Farfalle With Prosciutto and Green Peas
Prep: 10 min., Cook: 25 min.
Yield: Makes 6 to 8 servings
- 1 (16-ounce) box BARILLA Farfalle
- 1 small onion, chopped
- 2 tablespoons extra virgin olive oil
- 2 (3.5-ounce) packages prosciutto, cut into thin strips
- 1 1/2 cups frozen green peas, thawed
- 1/2 cup dry white wine
- 2 cups half-and-half
- 1/2 cup heavy cream
- Salt and freshly ground pepper to taste
- 1/2 cup freshly grated Parmesan cheese
- 1. Cook onion in hot olive oil in a large (3-inch-deep) skillet or Dutch oven over medium heat, stirring occasionally, 5 minutes.
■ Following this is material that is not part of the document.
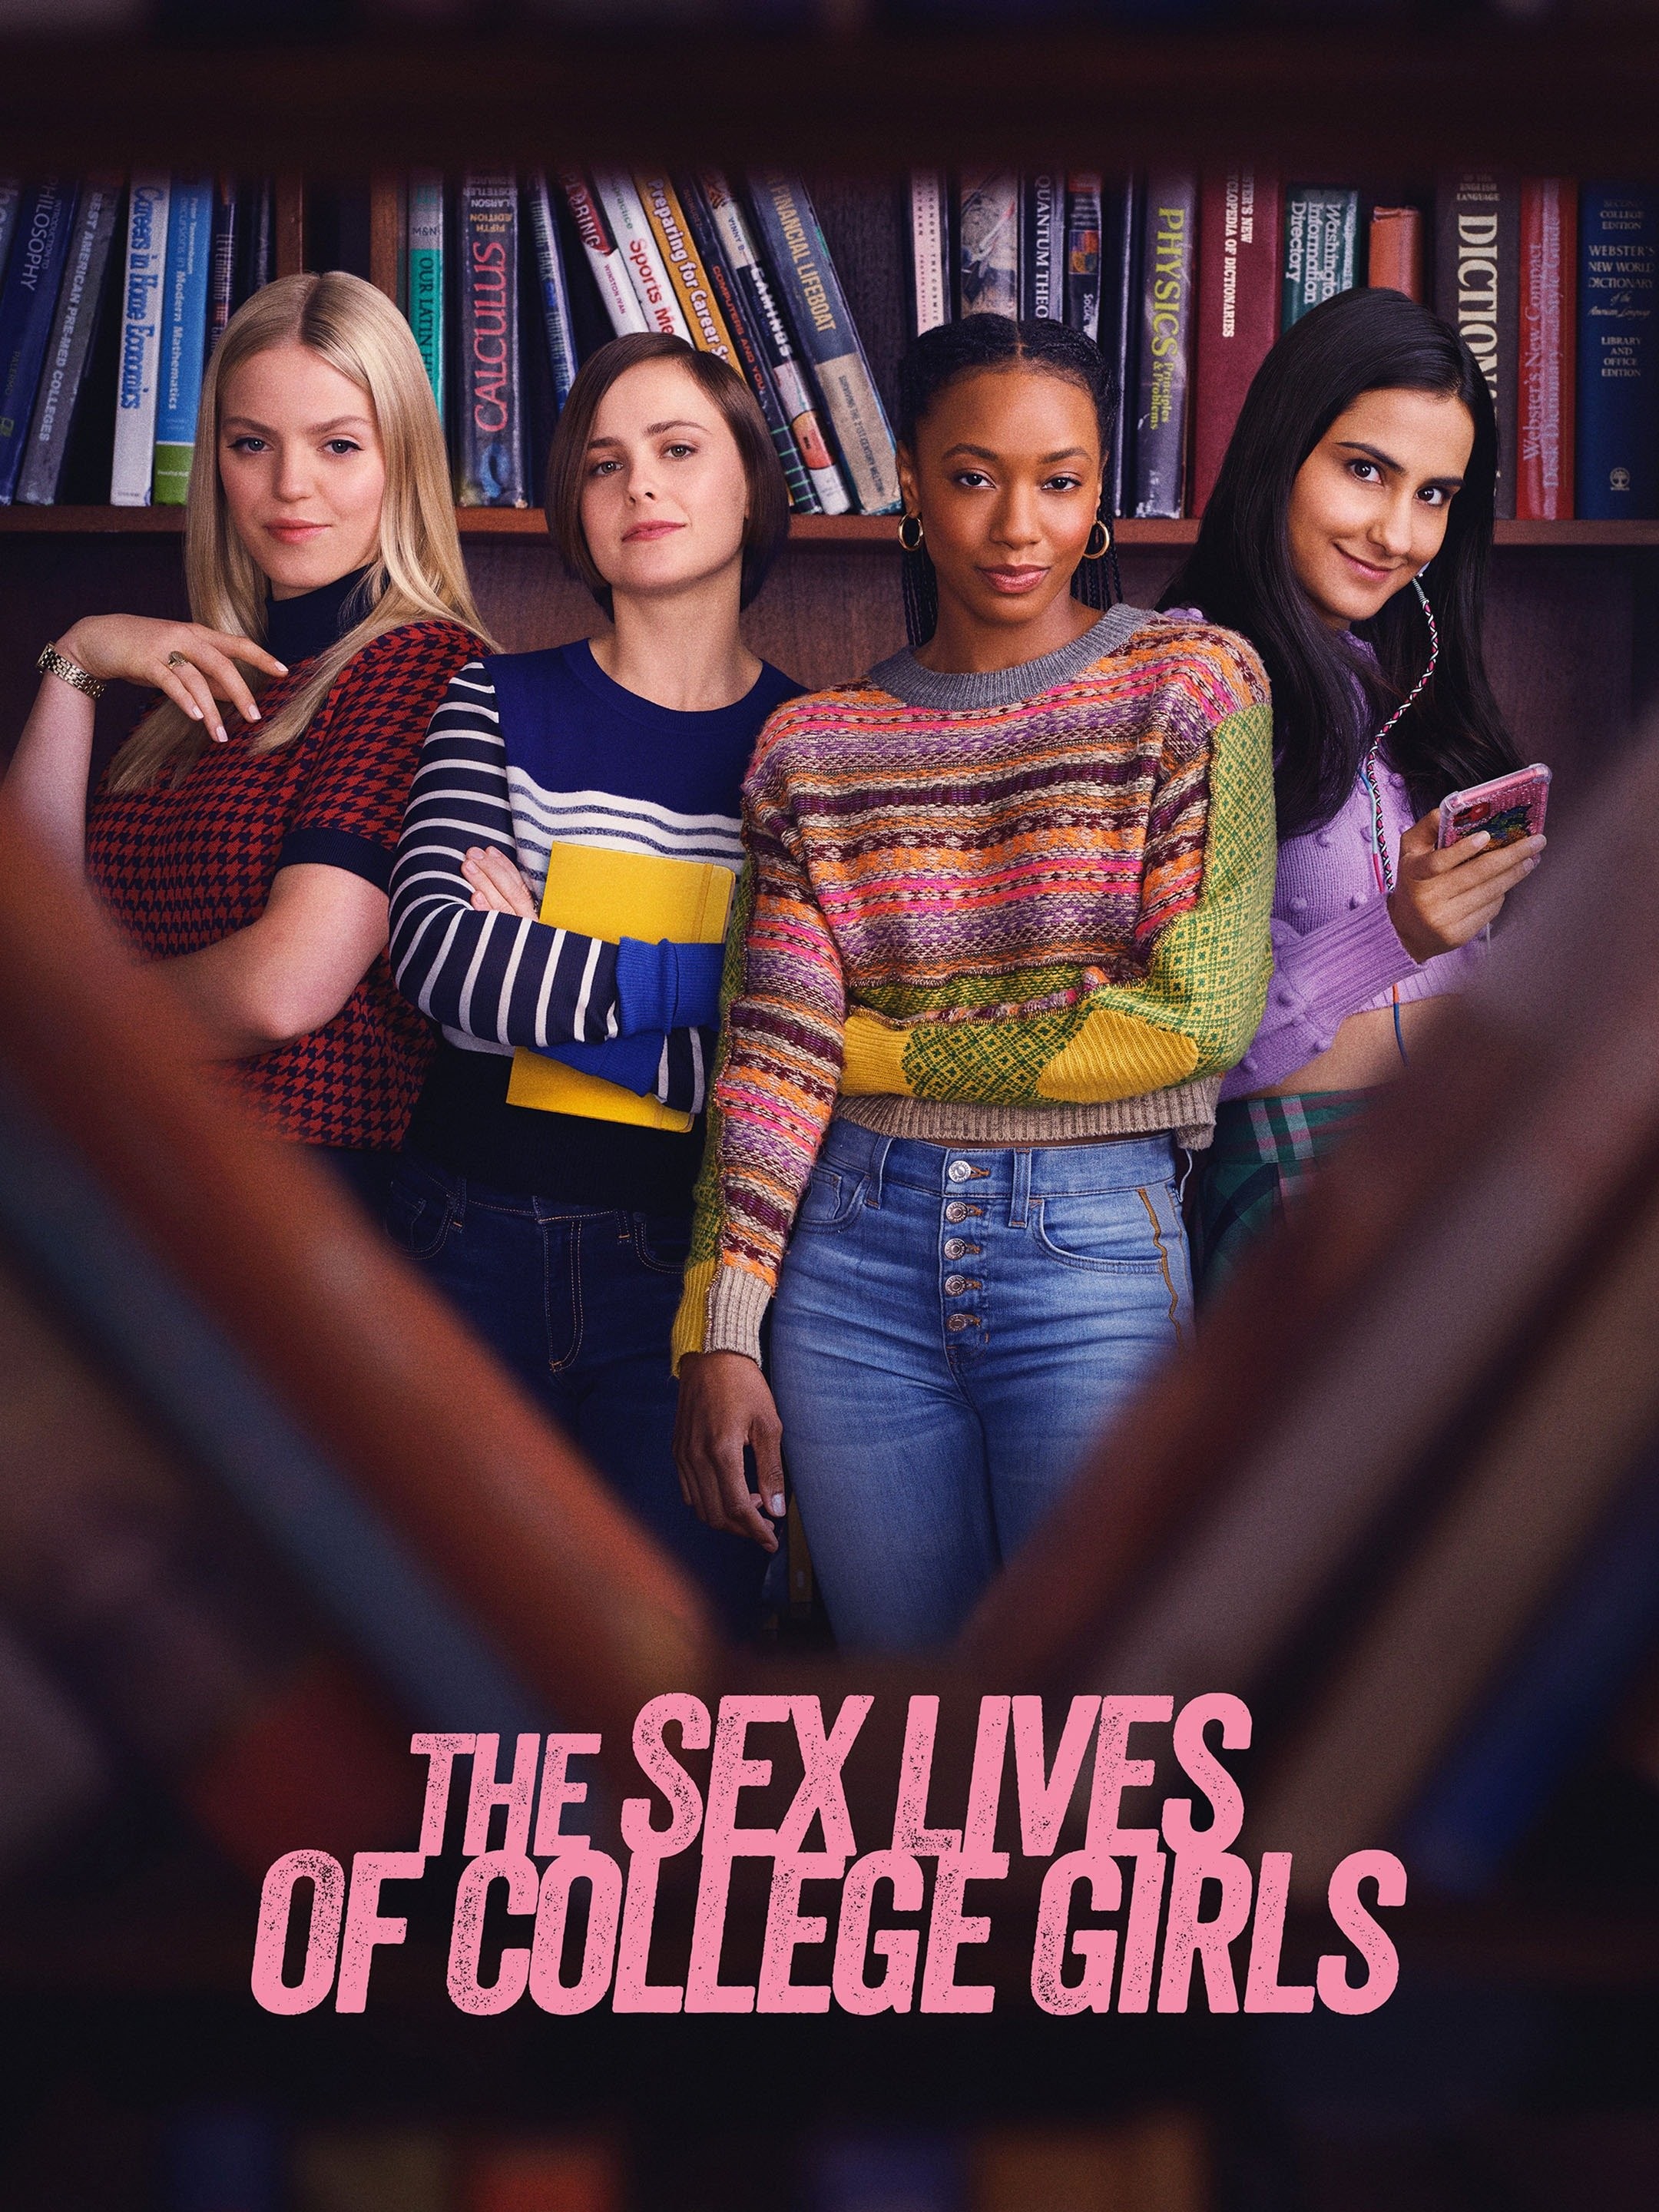 10age Girl Sex - The Sex Lives of College Girls - Rotten Tomatoes

Add prosciutto and peas, and cook, stirring occasionally, 3 minutes. Stir in wine, and cook 3 to 4 minutes or until mixture is reduced by half. Stir in half-and-half and cream. Season with salt and pepper to taste. Cook 1 to 2 minutes or until slightly thickened.
- 2. Cook pasta according to package directions; drain. Toss hot cooked pasta with cream mixture. Stir in cheese.